Muscle tissue (100 mg) was homogenized in four volumes (w/v) of 0.1 M Tris-HCl, 5 mM β-mercaptoethanol, pH 8. The homogenate was centrifuged at 8000× g for 15 min at 4 °C, and the aqueous phase was precipitated by adding eight volumes of acetone. The acetone precipitate (2 mg) was reconstituted in 120 μL of Tris.MgCl₂ buffer (0.05 M Tris HCl, 13.3 mM MgCl₂, pH 8) to measure HK activity and was termed the crude extract. The enzyme activity was measured by mixing 230 μL of Tris.MgCl₂ buffer, 50 μL of 0.67 M glucose, 10 μL of 16.5 mM ATP, 10 μL of 6.8 mM NAD, and 1 μL of glucose-6-phosphate dehydrogenase (GPDH, 300 U/mL Sigma, Shanghai, China). After incubation at 30 °C for 6–8 min, the reaction was started by adding 20 μL of the crude extract. HK activity was reported as micromoles of NADH formed per minute at 30 °C per milligram of protein. All measurements were done in triplicate and the method was adapted for use in microplates, for which the absorbance at 340 nm was measured in a SpectraMax M2 (Molecular Devices, Sunnyvale, CA, USA). A negative control without glucose was included.

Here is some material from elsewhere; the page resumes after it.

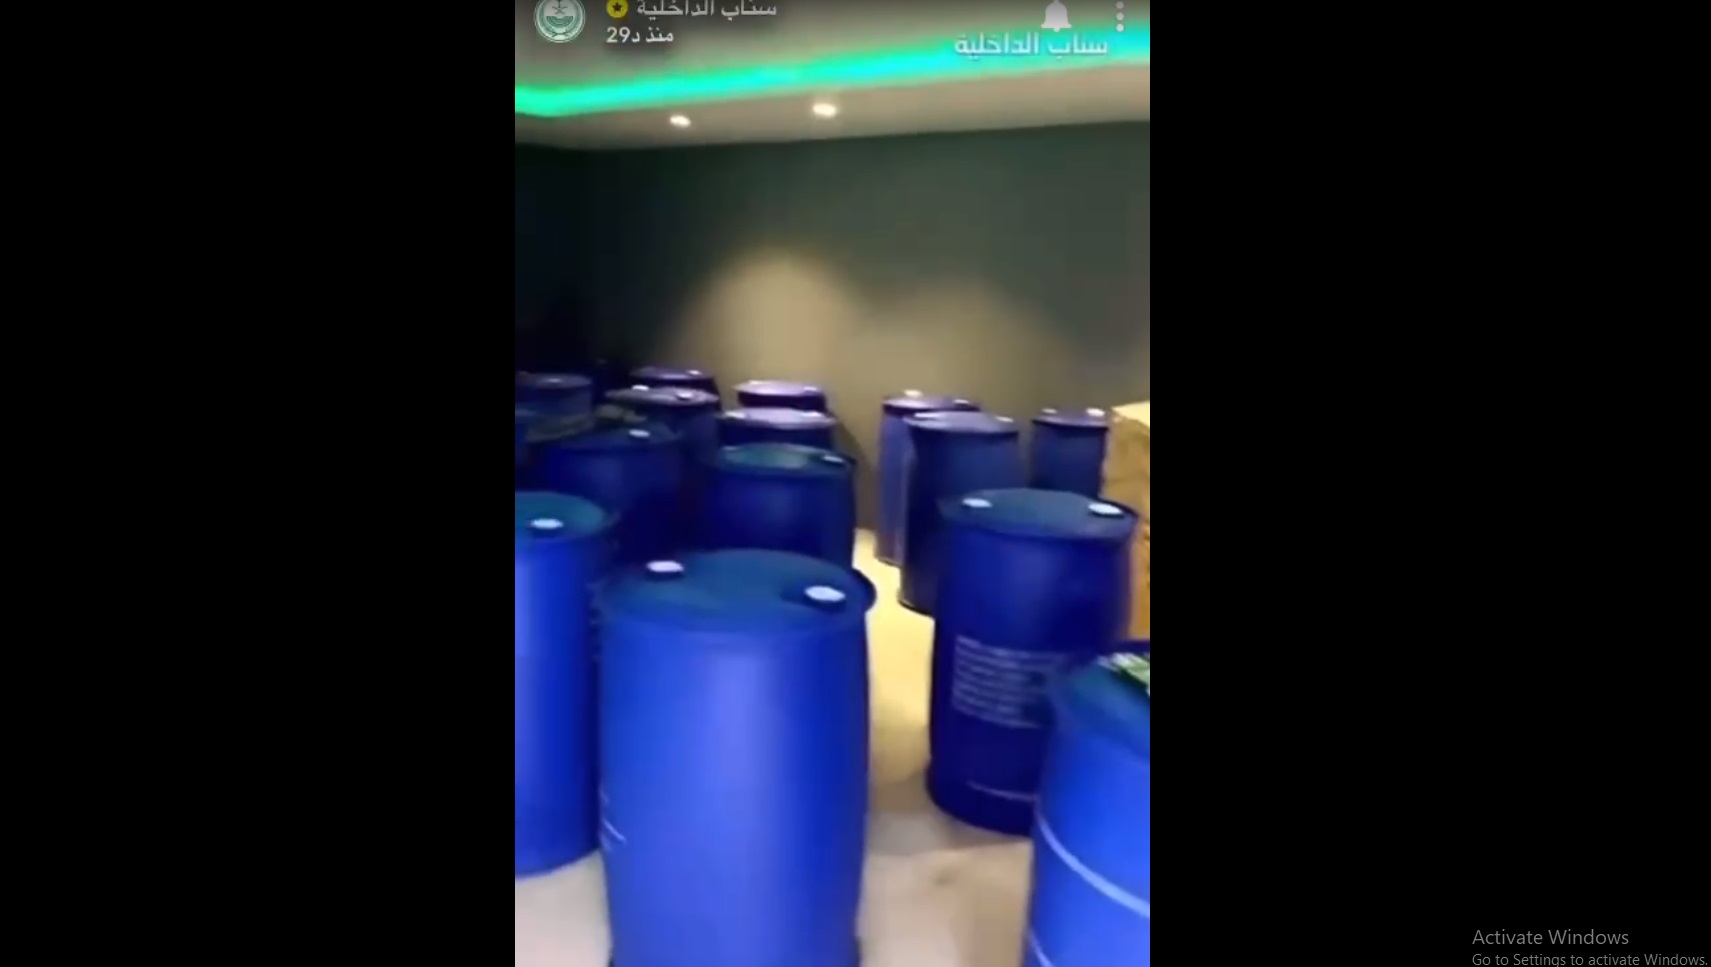 ضبط مصنعين للخمور بداخل إحدى استراحات الرياض
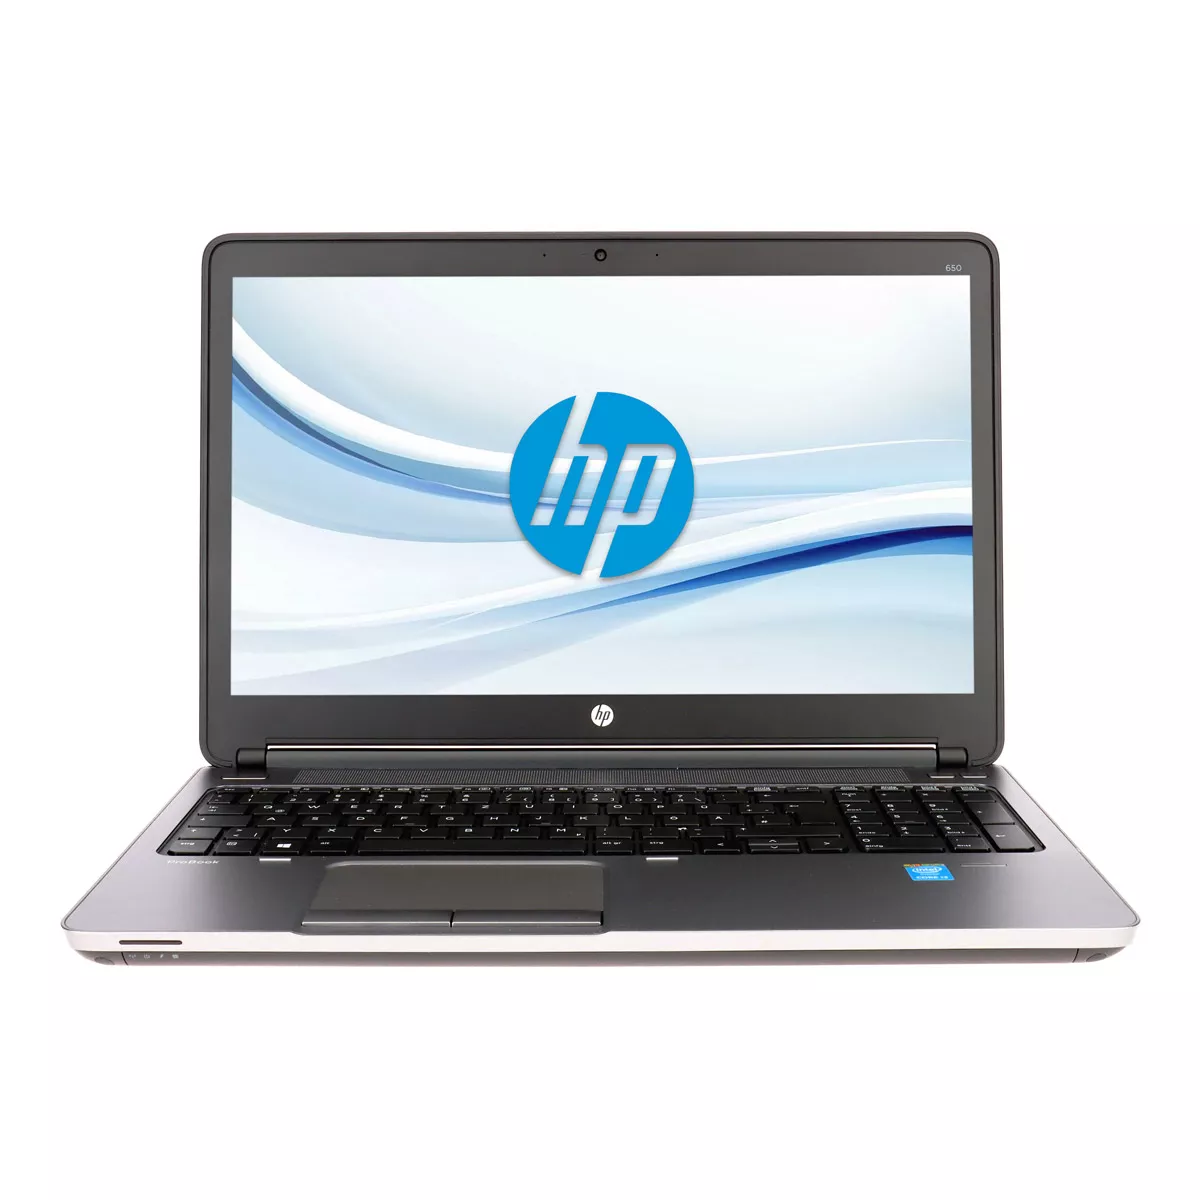 HP ProBook 650 G1 Core i5 4300M 2,6 GHz Full-HD 8 GB 256 GB SSD

3.10. Statistical Analysis

All data are presented as the mean ± SEM (standard error of the mean; n = 3). A Student‘s t-test was used to identify significant differences in MnHK gene expression between the controls and the tested samples using SPSS 15.0 software. A p value ≤ 0.05 was considered statistically significant.

4. Conclusions

In summary, this study demonstrated that hypoxia-induced HK gene expression is regulated in a HIF-1 dependent manner, and that this cellular response is oriented to ensure the contribution of HK to accelerate the rate of glycolysis in order to generate energy. This study would improve our understanding of the energy metabolic mechanism for prawns in response to hypoxia stress.